基础并查集poj2236

An earthquake takes place in Southeast Asia. The ACM (Asia Cooperated Medical team) have set up a wireless network with the lap computers, but an unexpected aftershock attacked, all computers in the network were all broken. The computers are repaired one by one, and the network gradually began to work again. Because of the hardware restricts, each computer can only directly communicate with the computers that are not farther than d meters from it. But every computer can be regarded as the intermediary of the communication between two other computers, that is to say computer A and computer B can communicate if computer A and computer B can communicate directly or there is a computer C that can communicate with both A and B.

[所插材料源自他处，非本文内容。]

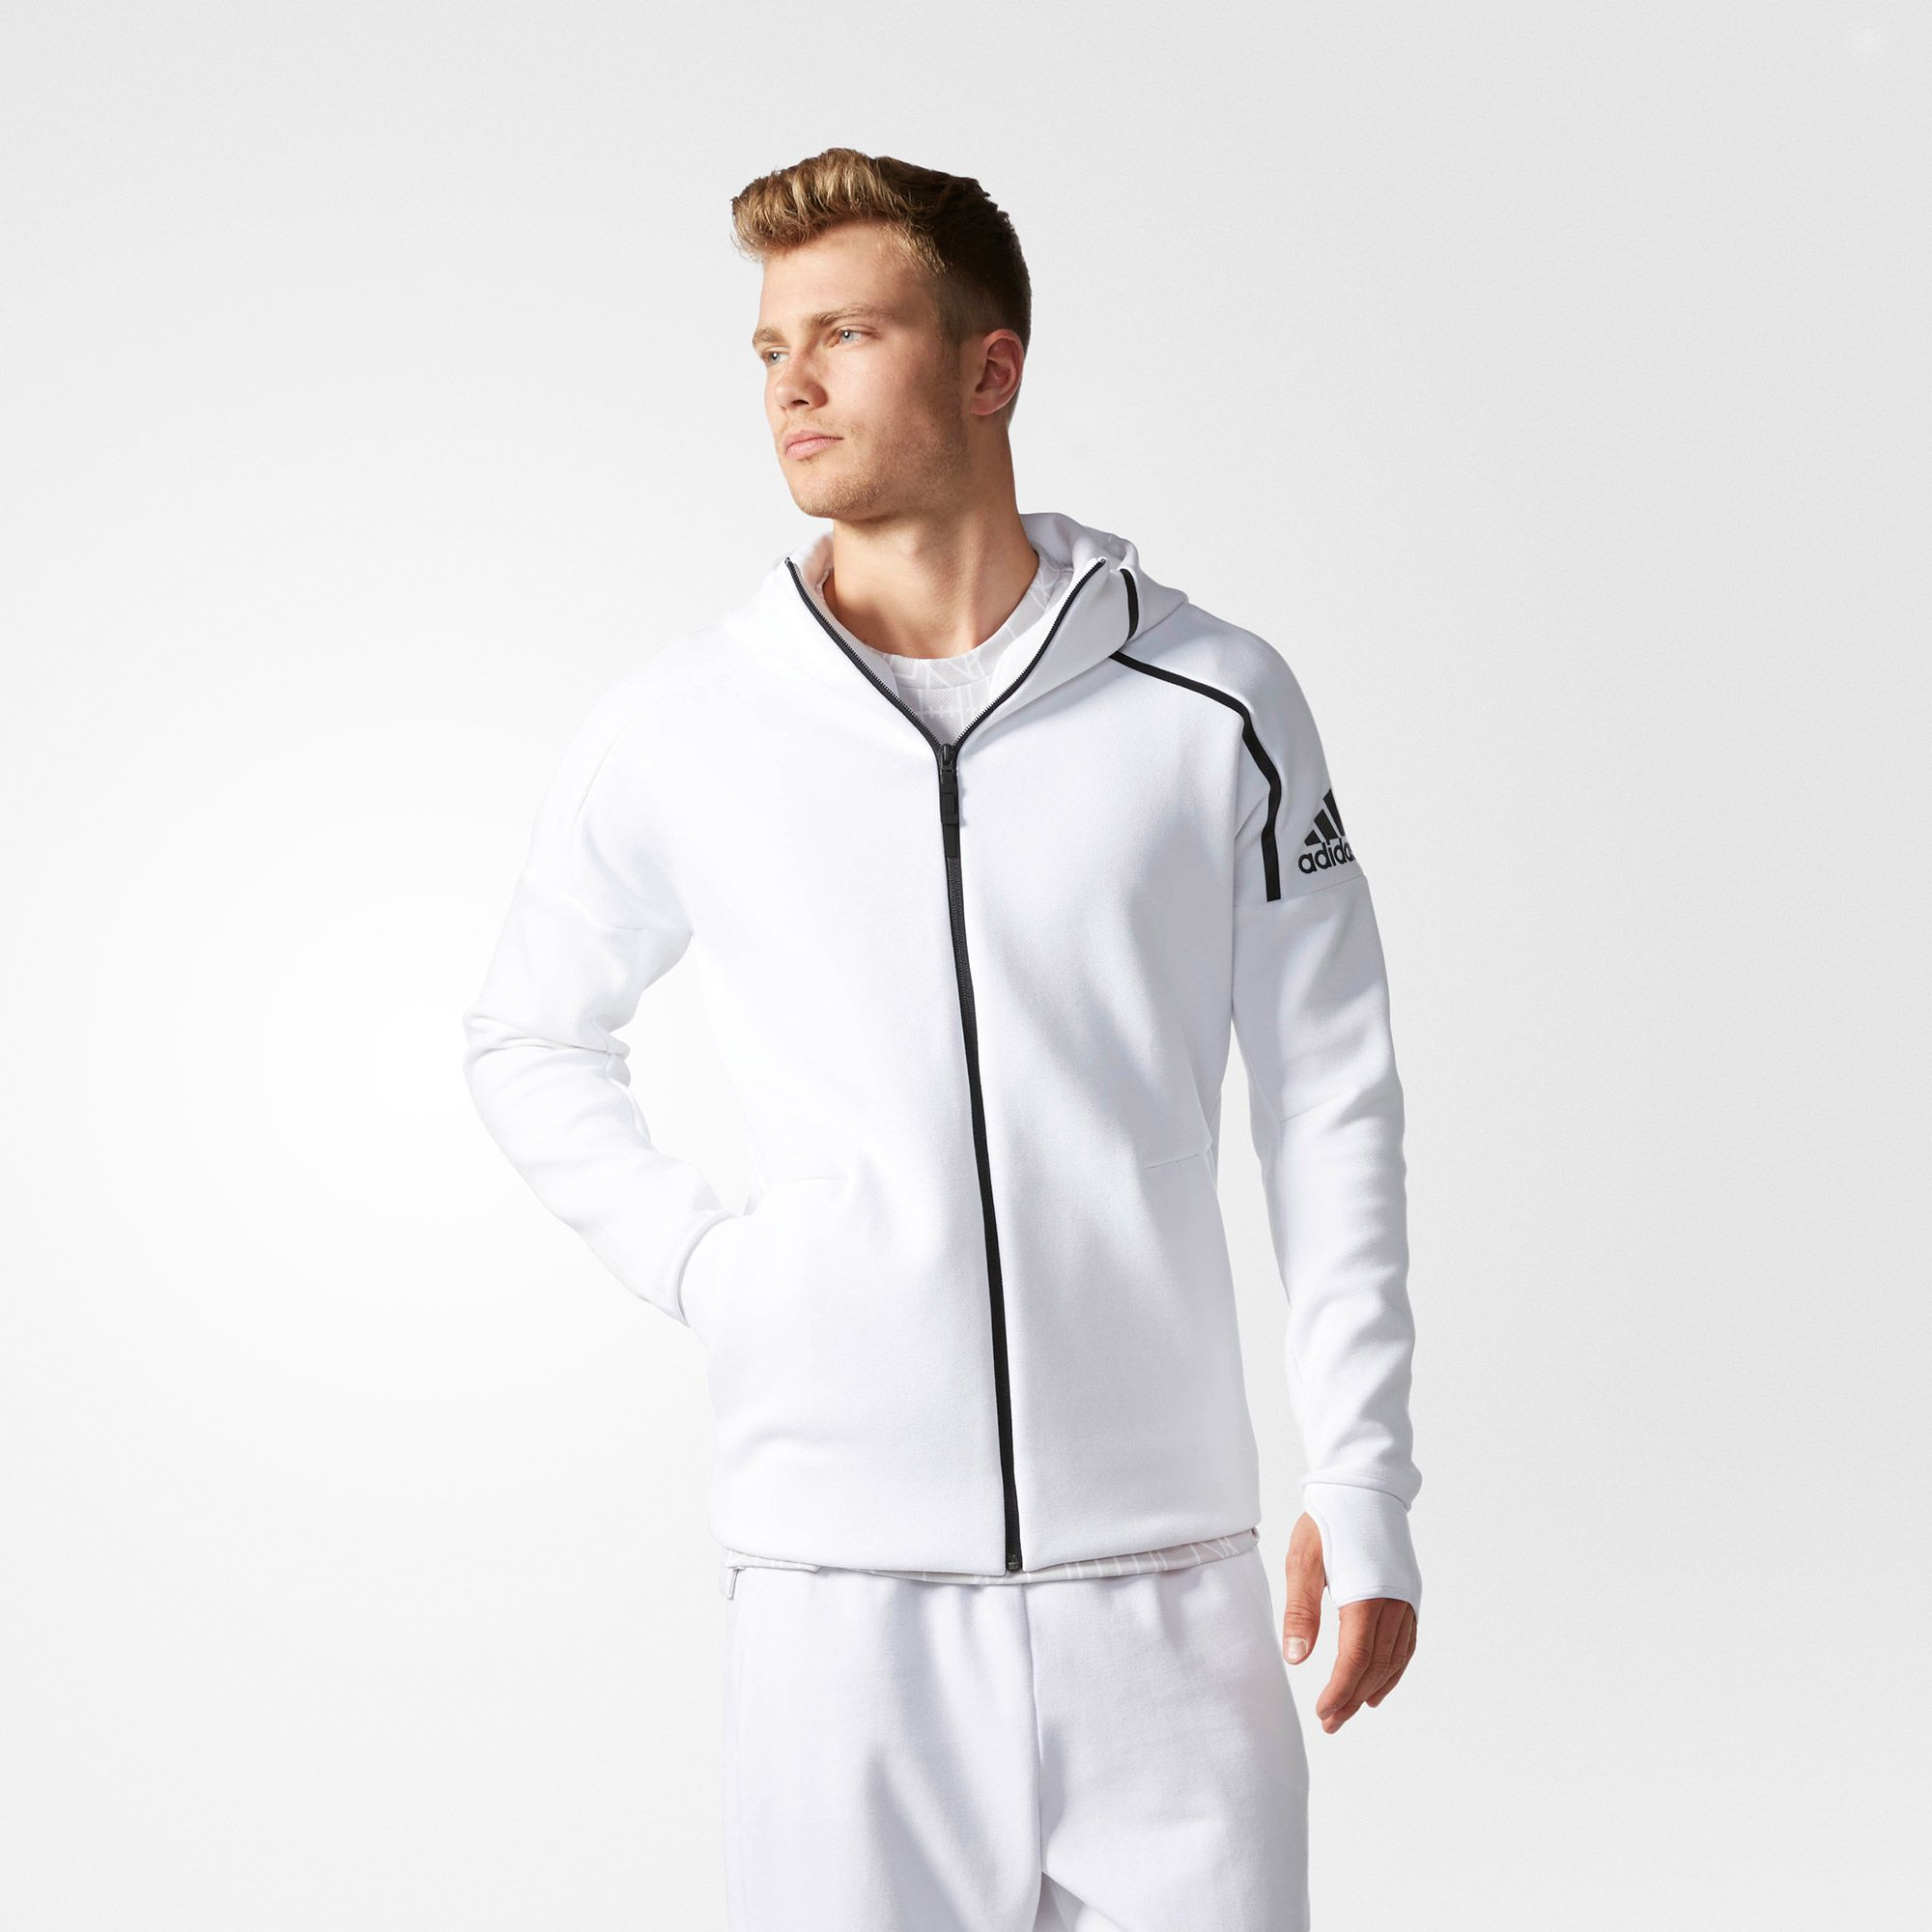 Vacante orgánico Comparar  Adidas Mens ZNE Hoodie Zip Up Jacket B48878 Negative Engergy ...

In the process of repairing the network, workers can take two kinds of operations at every moment, repairing a computer, or testing if two computers can communicate. Your job is to answer all the testing operations.
Input

The first line contains two integers N and d (1 <= N <= 1001, 0 <= d <= 20000). Here N is the number of computers, which are numbered from 1 to N, and D is the maximum distance two computers can communicate directly. In the next N lines, each contains two integers xi, yi (0 <= xi, yi <= 10000), which is the coordinate of N computers. From the (N+1)-th line to the end of input, there are operations, which are carried out one by one. Each line contains an operation in one of following two formats:
1. "O p" (1 <= p <= N), which means repairing computer p.
2. "S p q" (1 <= p, q <= N), which means testing whether computer p and q can communicate.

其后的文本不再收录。